═══ Data section
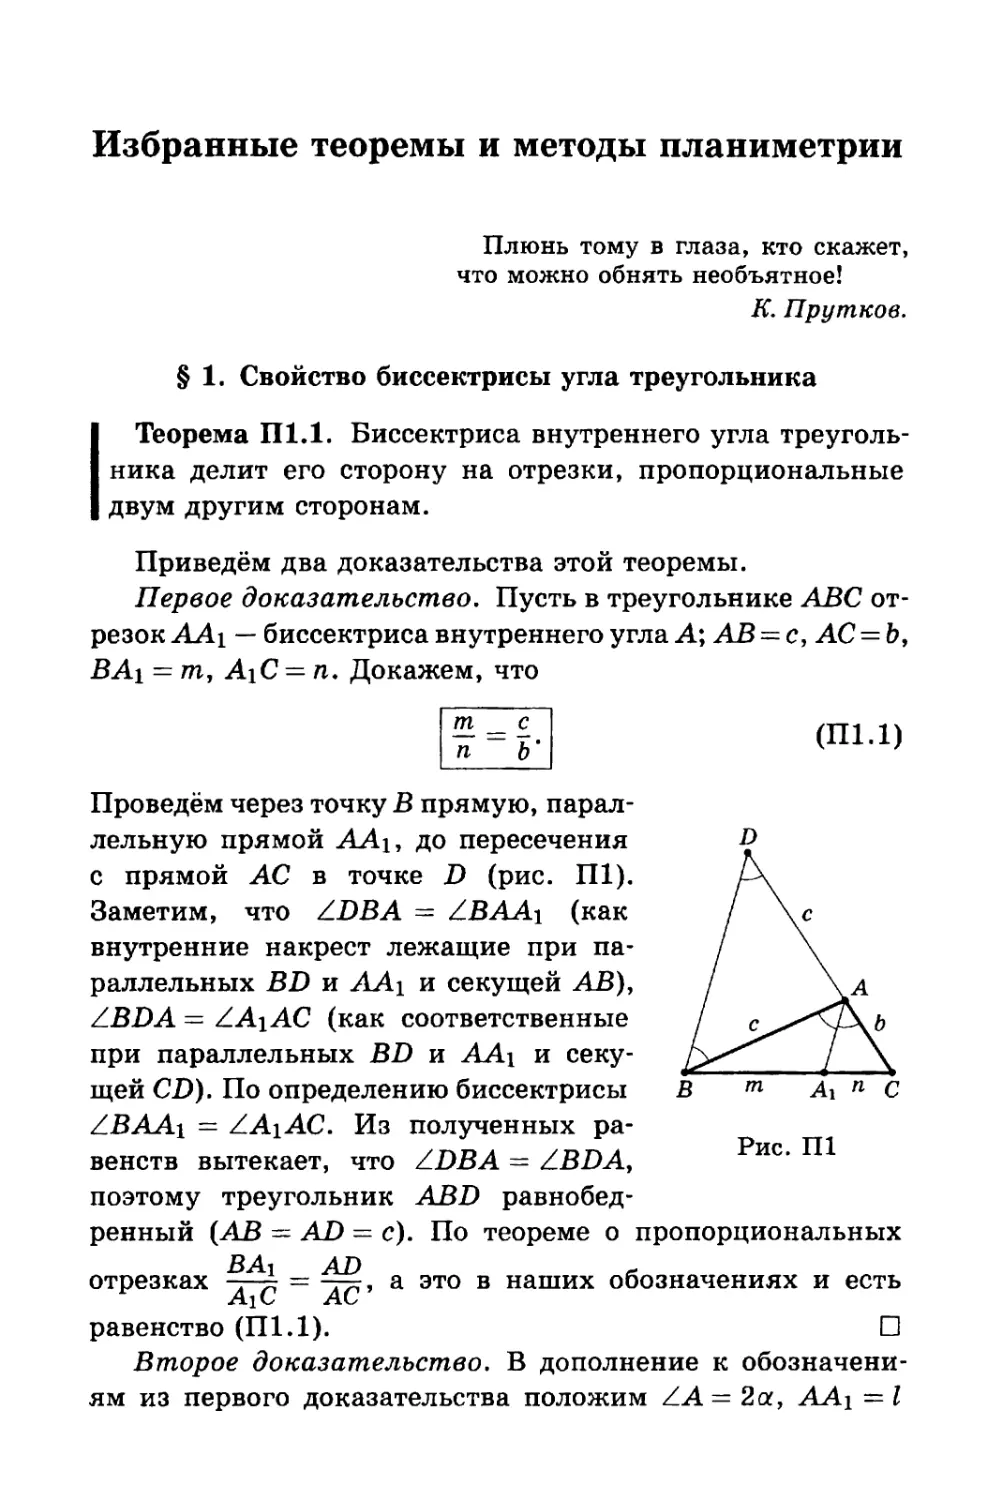 Избранные теоремы и методы планиметрии
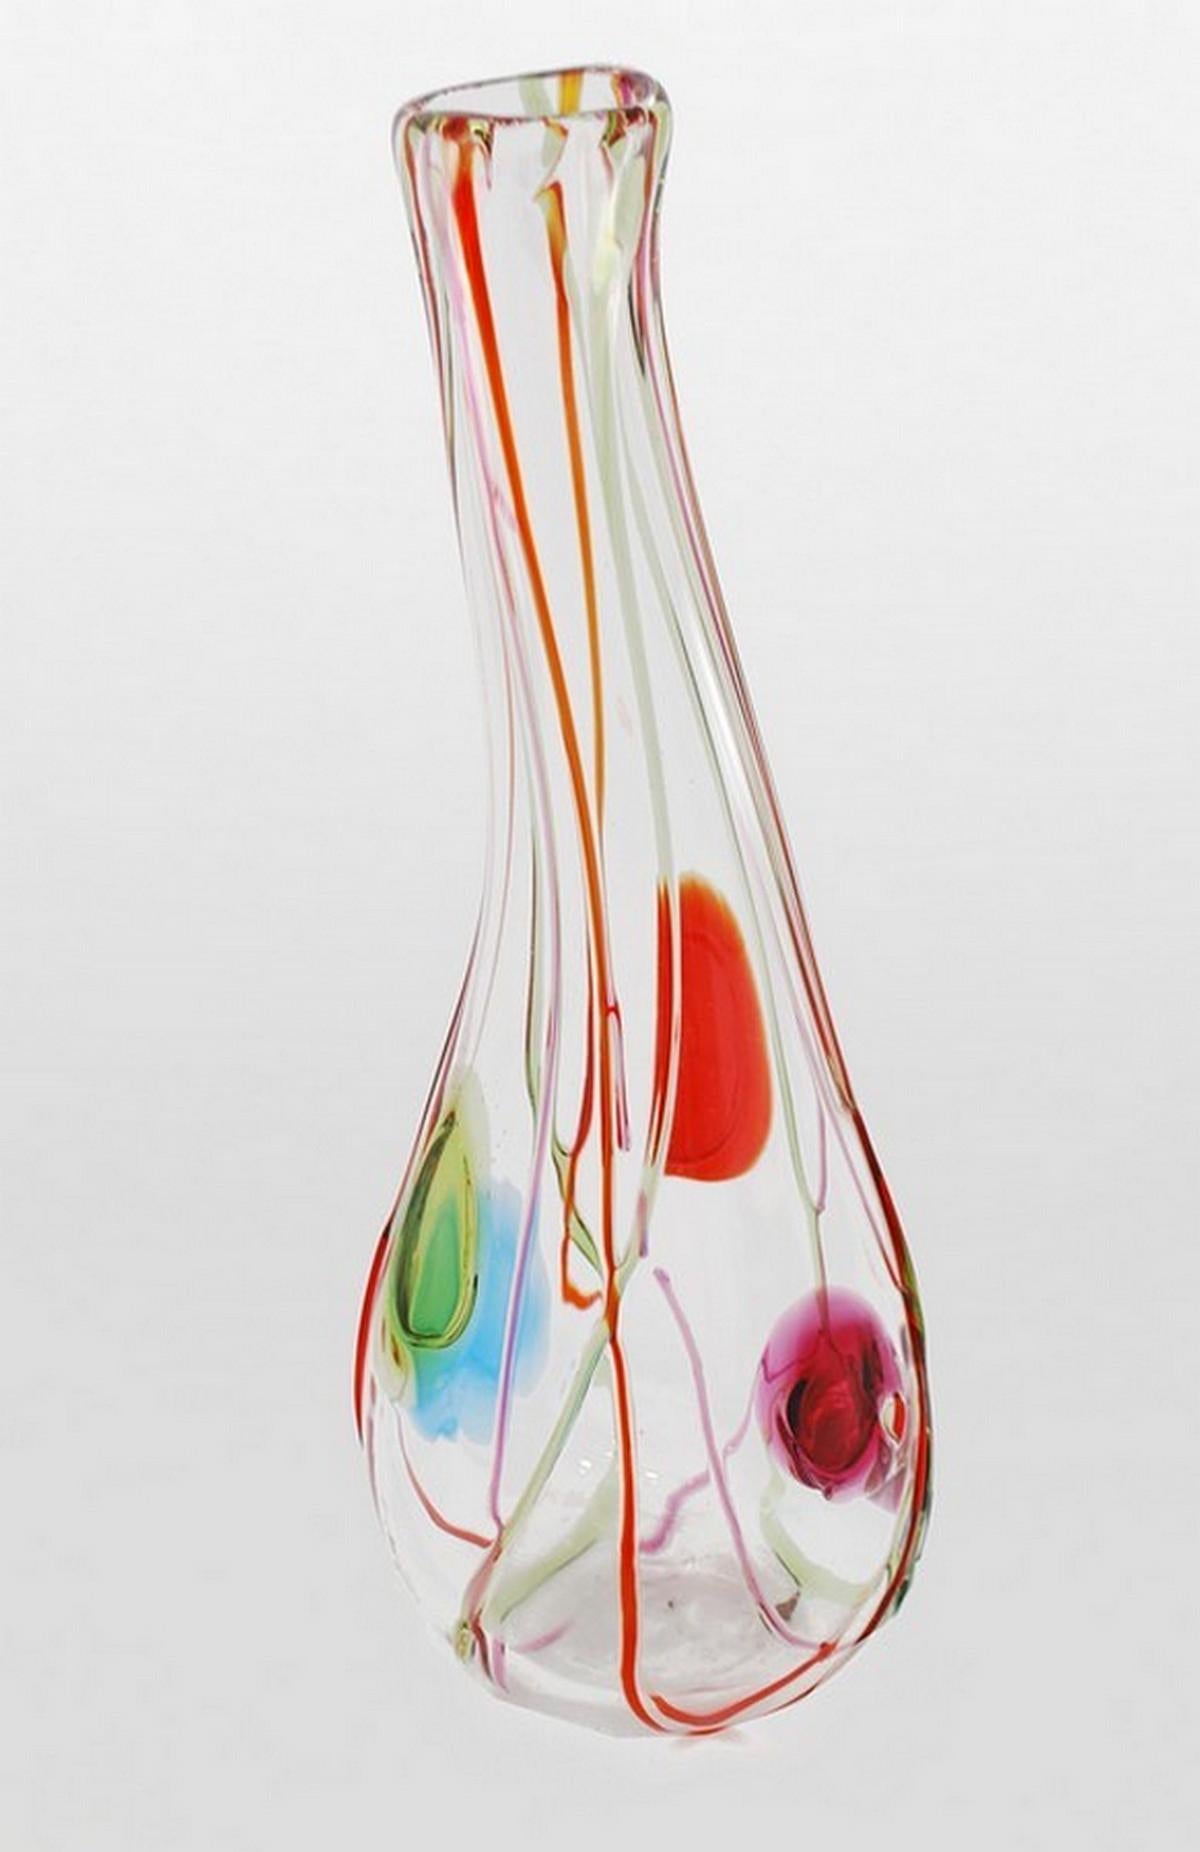 Artistics/One : Salviati

Informations complémentaires : Salviati est un fabricant de verre de renommée mondiale basé à Murano depuis 1859.

Marquage(s) ; notes : Label Salviati

Pays d'origine ; matériaux : Italie ; verre

Dimensions : 20″h,
══════
■ **Task brief**: Reproduce, word for word, the line containing "Pays d'origine ; matériaux : Italie ; verre" along with every later line of the listing, and leave out all earlier lines.

■ **Task result**:
Pays d'origine ; matériaux : Italie ; verre

Dimensions : 20″h,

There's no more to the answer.